26. Place six slices of white bread (purchased down the road at Wilson Farm) along the counter in a 2 x 3 grid. Spread a little mayo lightly on three of them; put a slice of cheddar on top of the mayonnaised bread. Then, scoop the egg salad onto the other three slices, blanketing the naked pieces in light yellow goodness, evenly dolloping across each slice. No complaints or fighting happen at this stage; it’s too precious. When the cheesed slices meet the egged, anticipation approaches an all-time high.

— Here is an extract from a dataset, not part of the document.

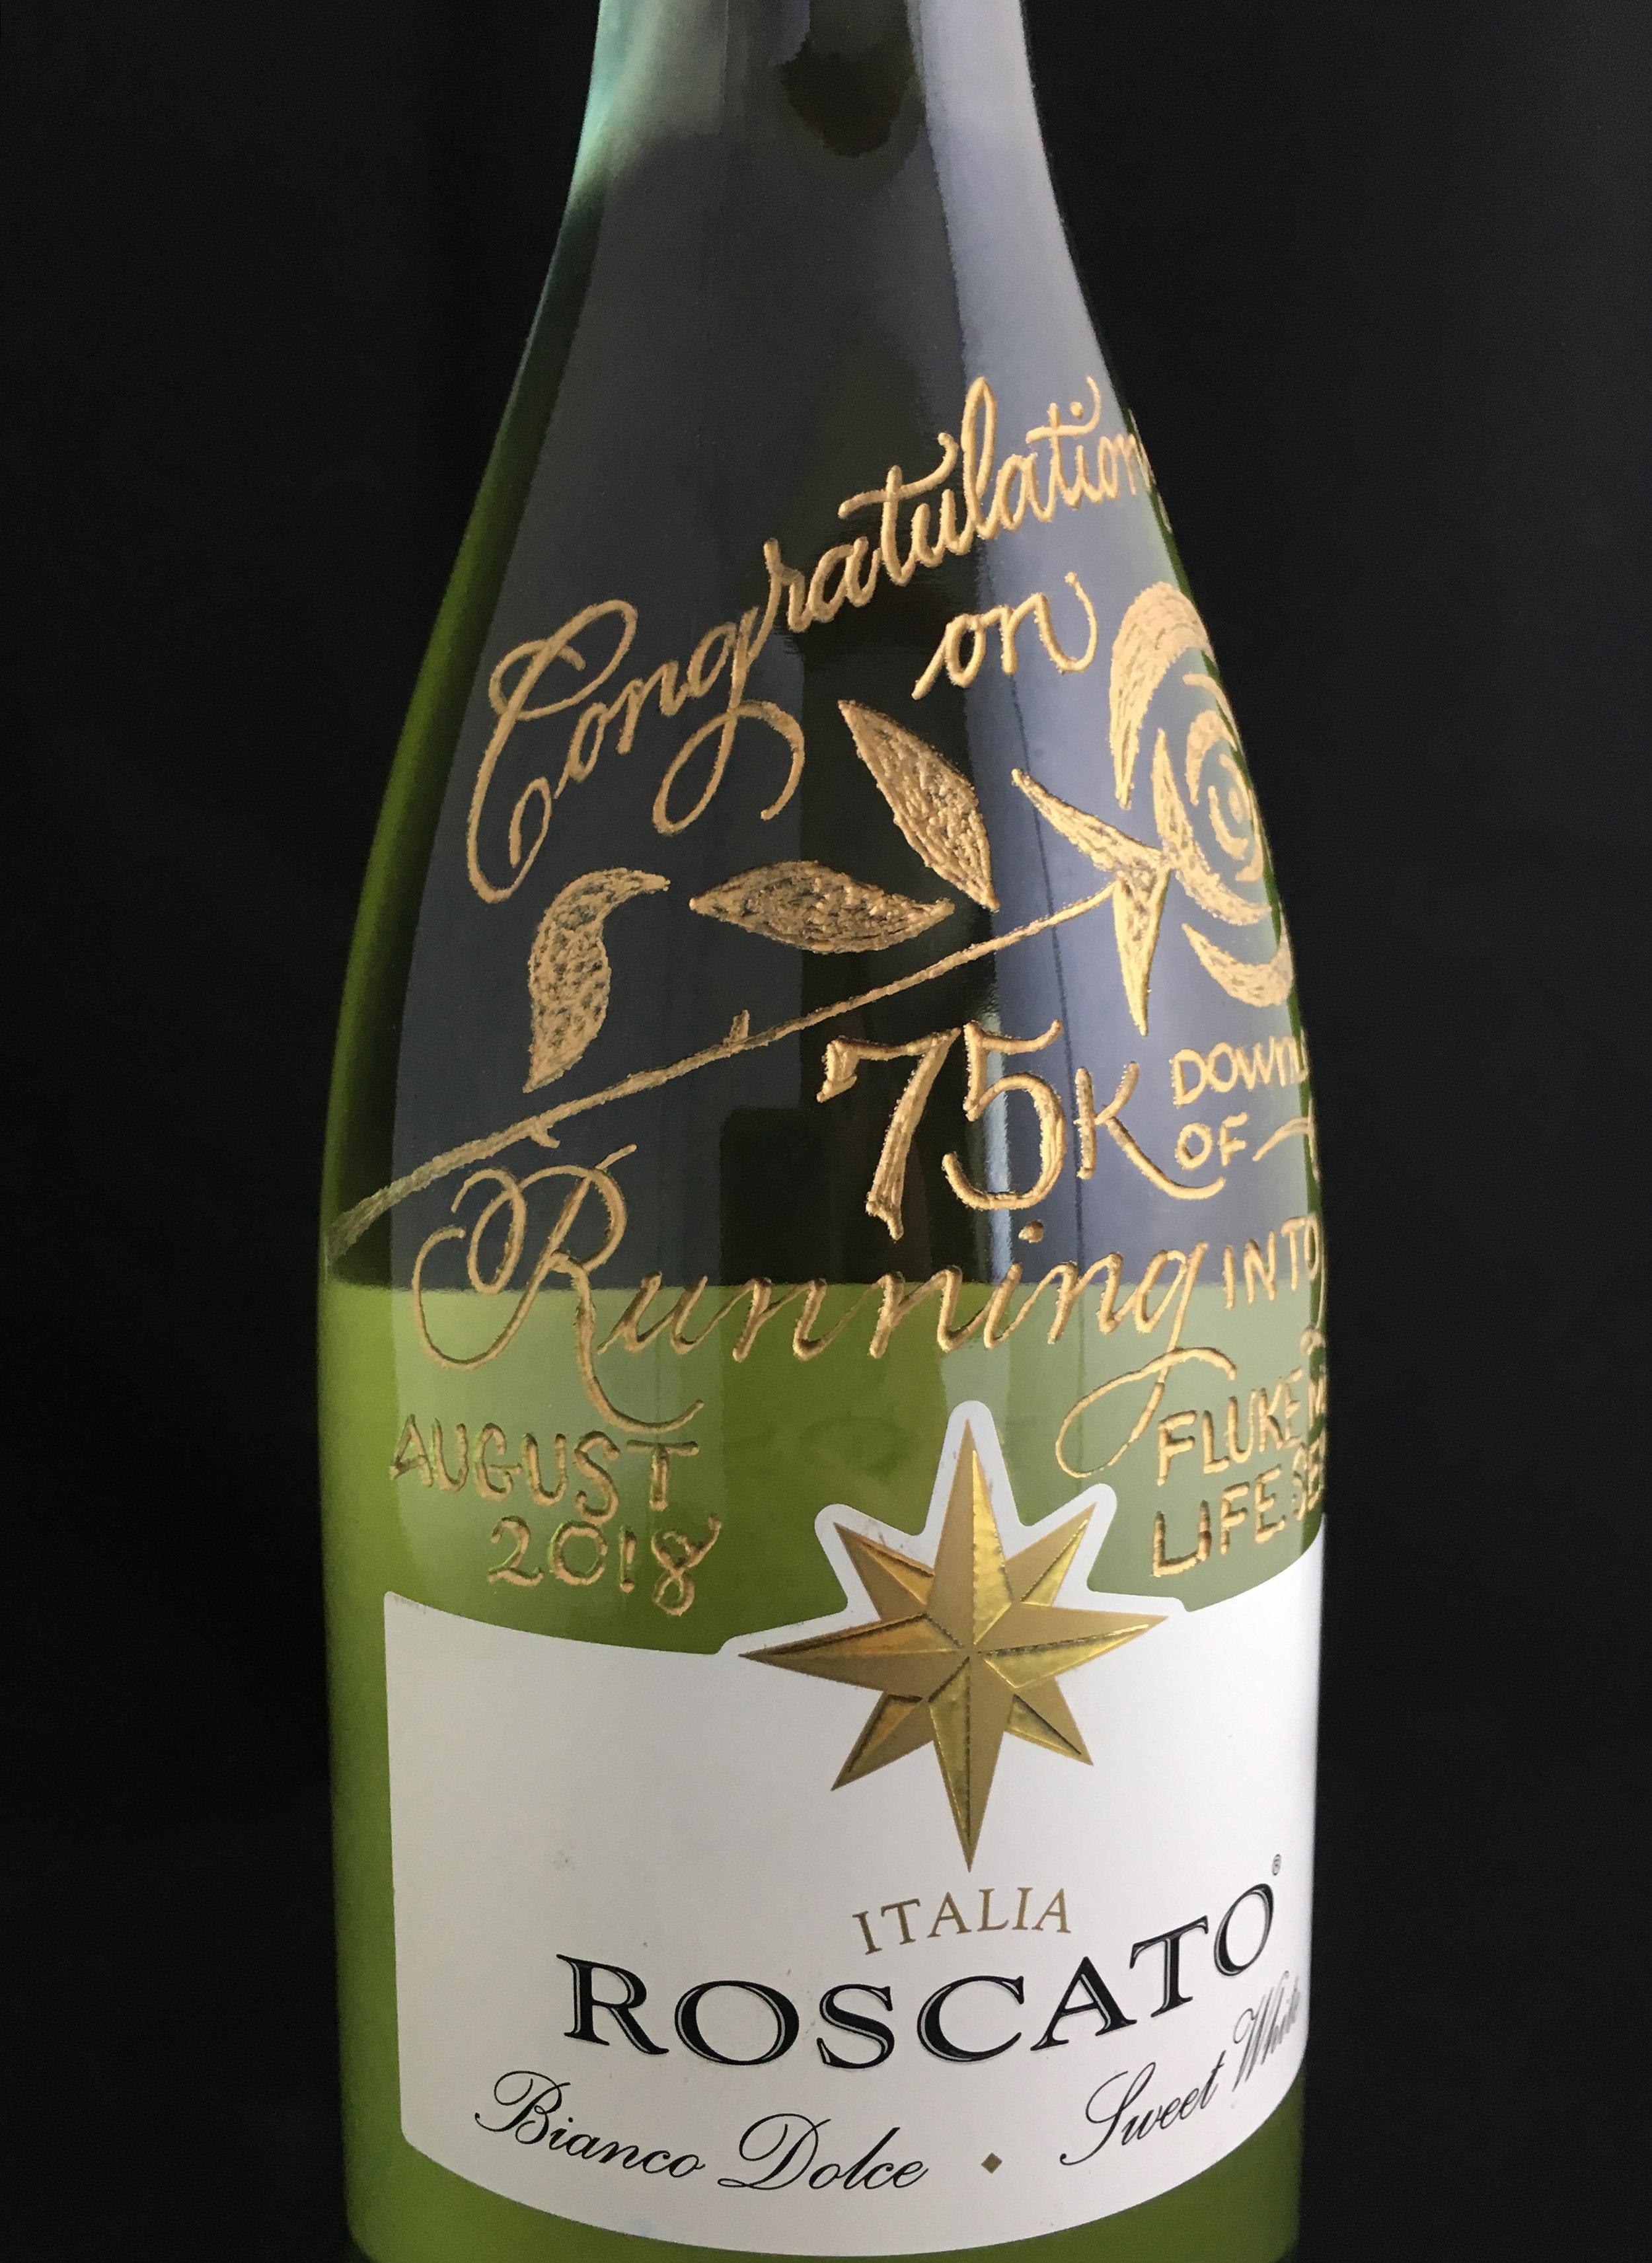 mirandafuller-engraving-wine-ARR-3.jpg

27. Watch, with lips wet, eyes wide, as Omi cuts each sandwich in half, portioning two rectangles per plate. Collect three napkins and bring them to the dining table. Fold them into triangles and lay them on pink placemats. Splash cranberry juice into small apple-shaped glasses from the tall cupboard; set them on the top right of the placemats. Finally, take the leftmost plate from the kitchen counter, the one whose sandwich has spilling sides, whose yellow creeps onto the crazed grey ceramic, staining bread, ready for tongue.
28. Usher the plate to the table, Omi and Sister close behind. Six tromping feet, three humming egg-salad sandwiches, one elated marching band. Omi sits in the middle, Sister to the left, you to the right. You always organize this way because Sister is left-handed, and you are right-handed. Omi is ambidextrous from being forced to write with her right hand as a child in Germany, so she can traverse the middle seat. She is careful not to throw elbows.
29. Lift one sandwich half, vigilant not to let the filling spill out, and take your first bite from its center. Sense the immediate sponginess of the bread that caresses your palette, feel abruptly overwhelmed by the oleaginous, salty, eggy miracle spilling out in every direction and encapsulating your tongue, which is then cheekily slapped by the rush of cheddar and altogether cushioned by more soft white bread. Chew, and the flavors coalesce, creating a wave from teeth to ears to toes. A wave that travels across plates and veins and minutes and years, across forgotten Söhne and ingested Alzheimer’s medication, across the last kiss on the nose and the yellow nasturtium in a box of tiny spine dust. You swallow, and you remember – not just her wrinkled hands scattered with eggshell but also the chubby fingers of her youth, before Kristallnacht, before the wedding band, before when she was a child like you. Swallow her stories and preserve them. Breathe them back into the world. All it takes is an hour and 17 ingredients.